To właśnie zakupy przez komórkę są w tym momencie jednym z topowych trendów konsumenckich w internecie. Firmy, które kilka lat temu stworzyły odpowiednie platformy sprzedażowe wraz z aplikacjami mobilnymi notują teraz ogromne zyski. Już w 2015 roku wartość rynku sprzedaży internetowej w Polsce wynosiła około 30-36 miliardów złotych. Wartość rynku mobilnego była jej częścią w kwocie 2,5 miliarda złotych.

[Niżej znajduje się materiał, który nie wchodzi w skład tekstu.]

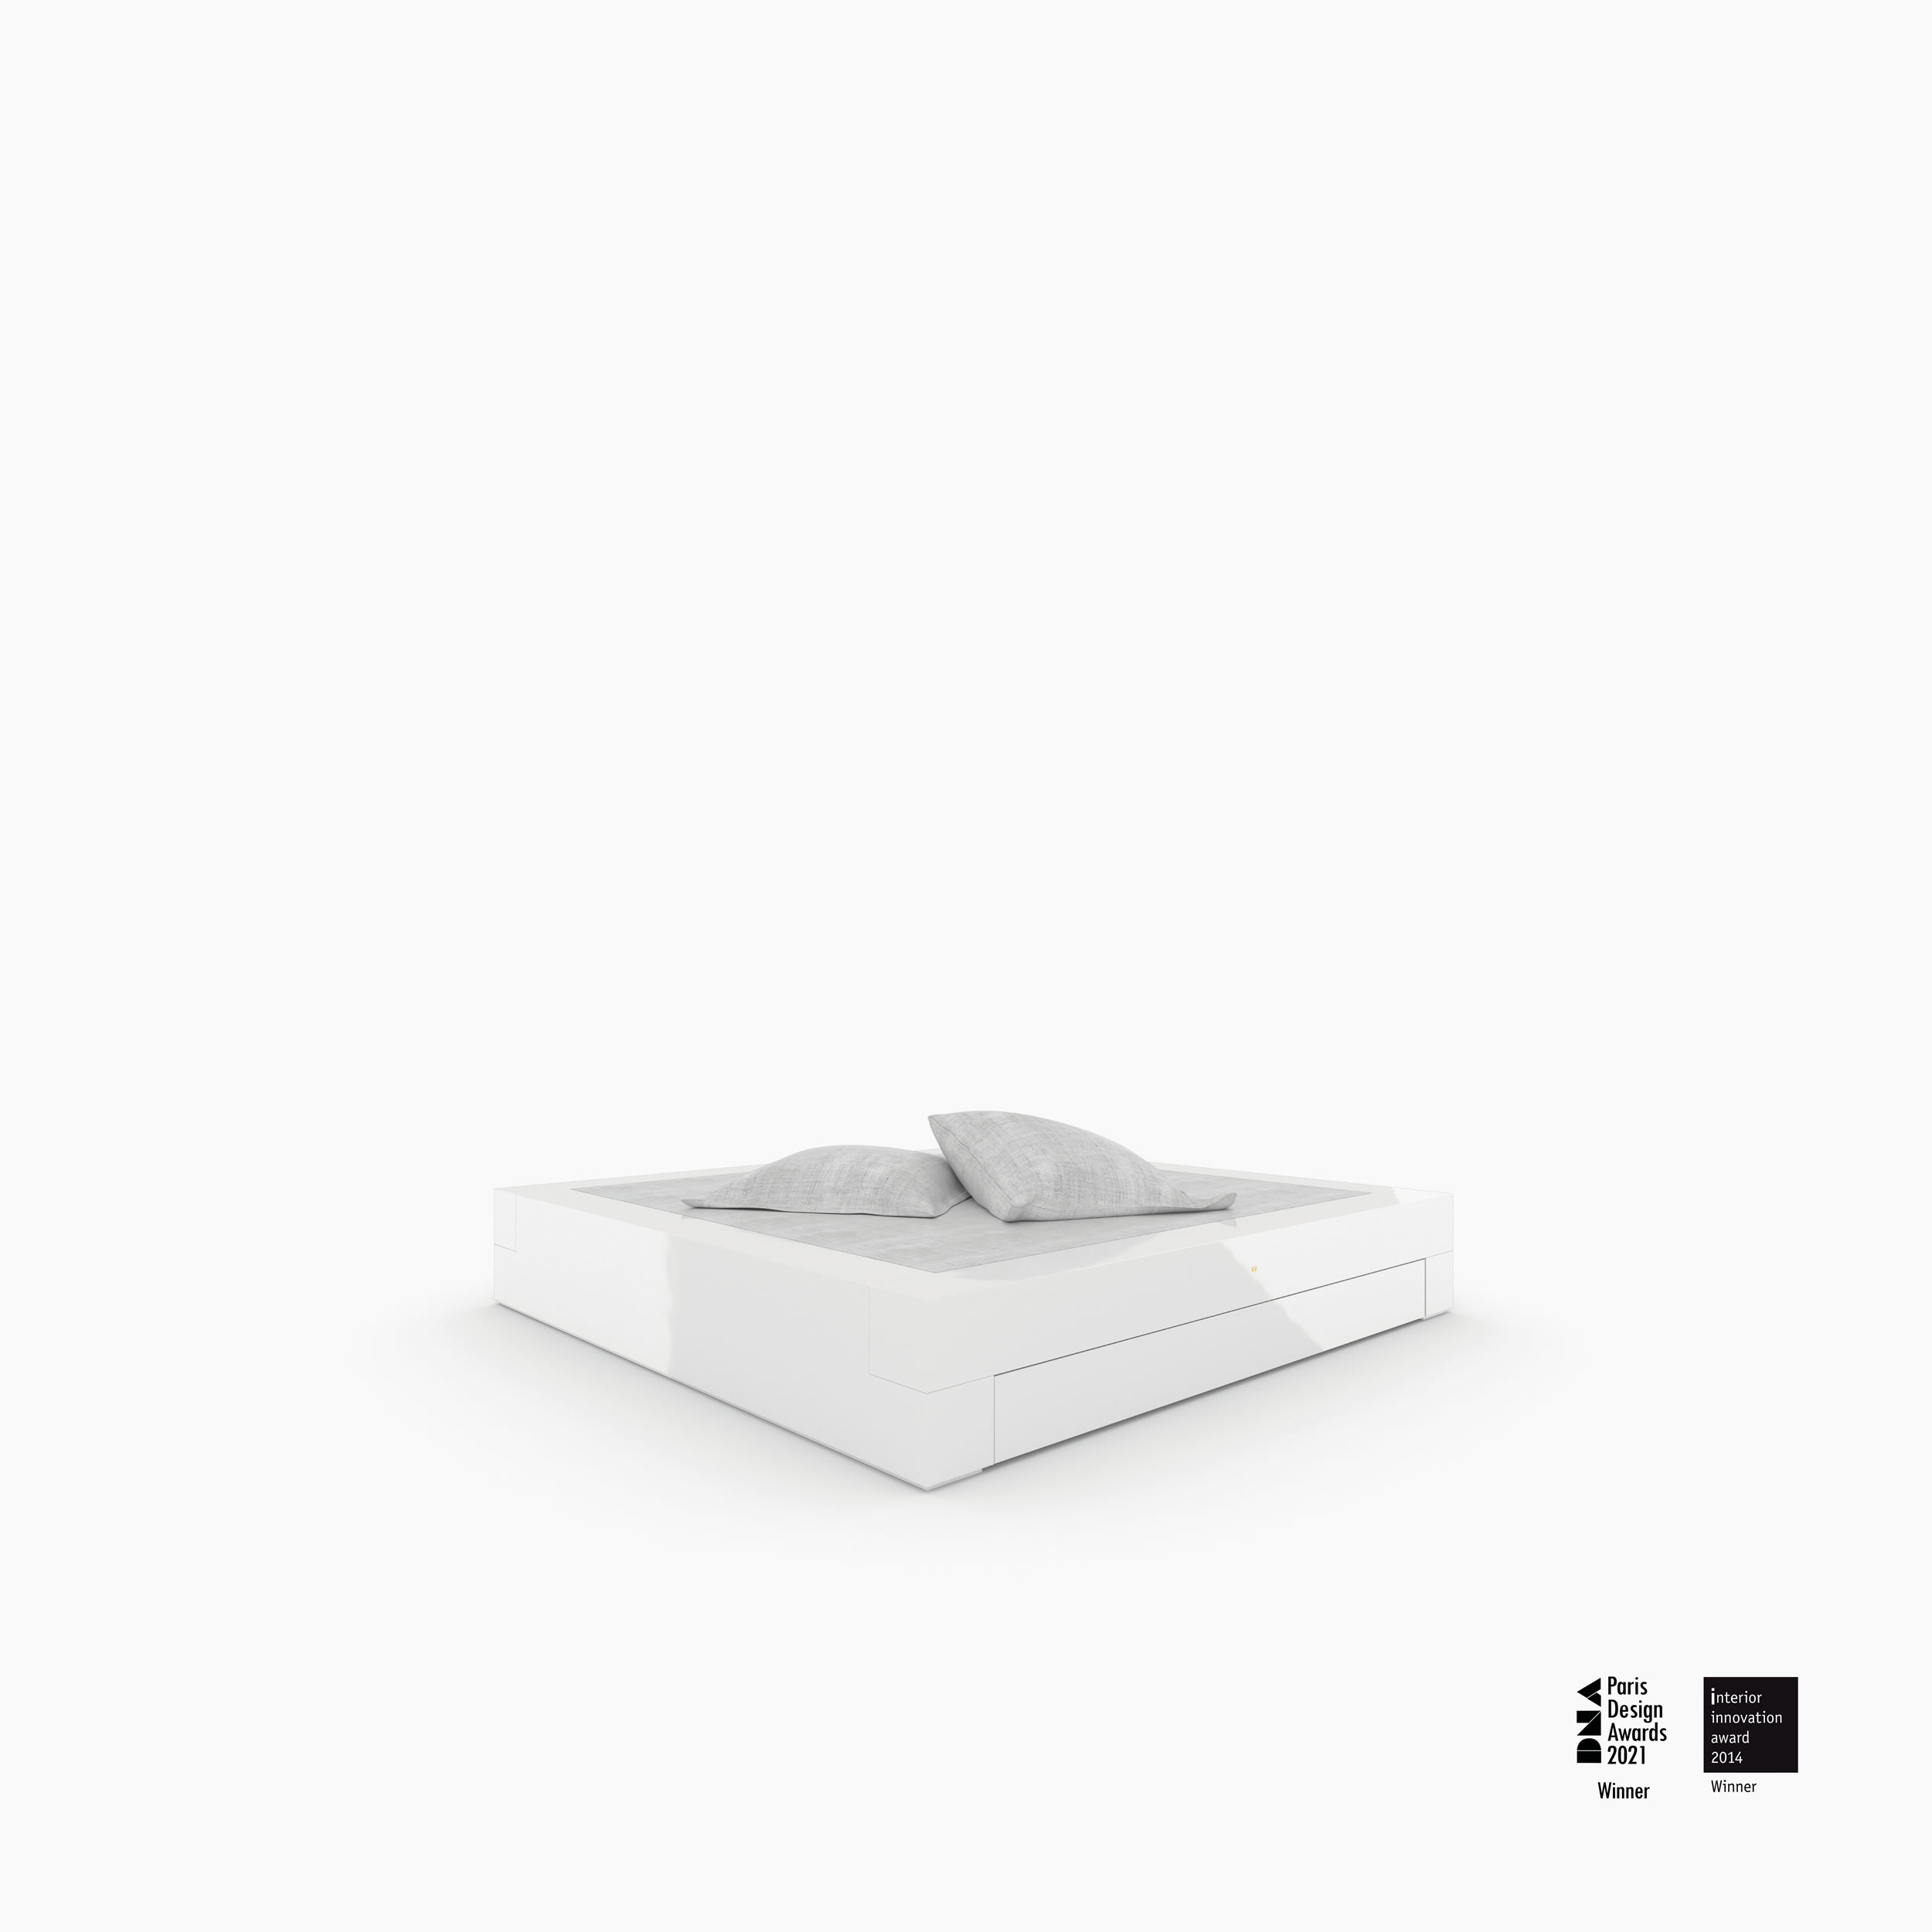 Bett quadratisch weiss contemporarydesign Schlafzimmer interior ispiration Betten FS 2 FELIX SCHWAKE

Ułatwiony dostęp do internetu, deklaracje klientów o zwiększaniu wydatków w sieci i szybko rosnący rynek Augmented Reality, stwarzają idealne warunki do rozwoju sprzedaży poprzez urządzenia mobilne. Należy jednak podkreślić, że droga do zakupu przez komórkę, nawet w najbardziej sprawnych aplikacjach mobilnych, cały czas nie jest dla klienta usłana różami. Wśród najczęściej wymienianych problemów związanych z zakupami z wykorzystaniem urządzeń mobilnych pojawiają się: obawa o bezpieczeństwo płatności, problemy z wypełnianiem formularzy, zbyt małe litery czy sama metoda płatności. Producenci telefonów starają się rozwiązać ten ostatni problem, wprowadzając płatność za potwierdzeniem poprzez skanowanie linii papilarnych. Synchronizacja konta bankowego z odciskiem palca może bardzo przyśpieszyć rozwój m-płatności, jeśli tylko klienci przekonają się do takiego rozwiązania.

Photo

Producenci patrzą daleko w przód

Choć same zakupy mobilne nie są jeszcze idealne, nie oznacza to jednak, że firmy nie zamierzają z nich korzystać. Mało tego, największe koncerny wybiegają w przyszłość jeszcze dalej i zastanawiają się na czym będą musieli się skupić po erze zakupów dokonywanych przez smartfony. Zdaniem Stephane’a Berube’a – Chief Marketing Officera L’Oreal na Europę Zachodnią, jednym z priorytetów będzie skupienie się na sprzedaży z wykorzystaniem asystentów głosowych, takich jak Amazon Echo czy Google Home.

Photo

„Rozmawiające komputery” poza obsługą zsynchronizowanych z nimi urządzeń w mieszkaniach i odpowiadaniem na zapytania, będą też podpowiadać jaki wybrać dzisiaj makijaż. Doradzą też jaki zastosować krem i który zapach pasuje najlepiej do konkretnej okazji. Na rynek wkraczają też asystenci głosowi z ekranem i kamerą. W urządzeniach z wyświetlaczem, takich jak Amazon Echo Show świetnie sprawdzą się aplikacje makijażowe pokroju Modiface. Już teraz współpracę z Amazonem nawiązał międzynarodowy koncern Coty, który zamierza stworzyć dla tej platformy swoją aplikację „Let’s Get Ready”. Firmy kosmetyczne i perfumeryjne współpracujące na bieżąco z pionierami rynku nowych technologii najlepiej pokazuje w jakim kierunku idzie rynek i jak ważnym jego elementem w najbliższym czasie będą urządzenia mobilne i inne nowinki technologiczne.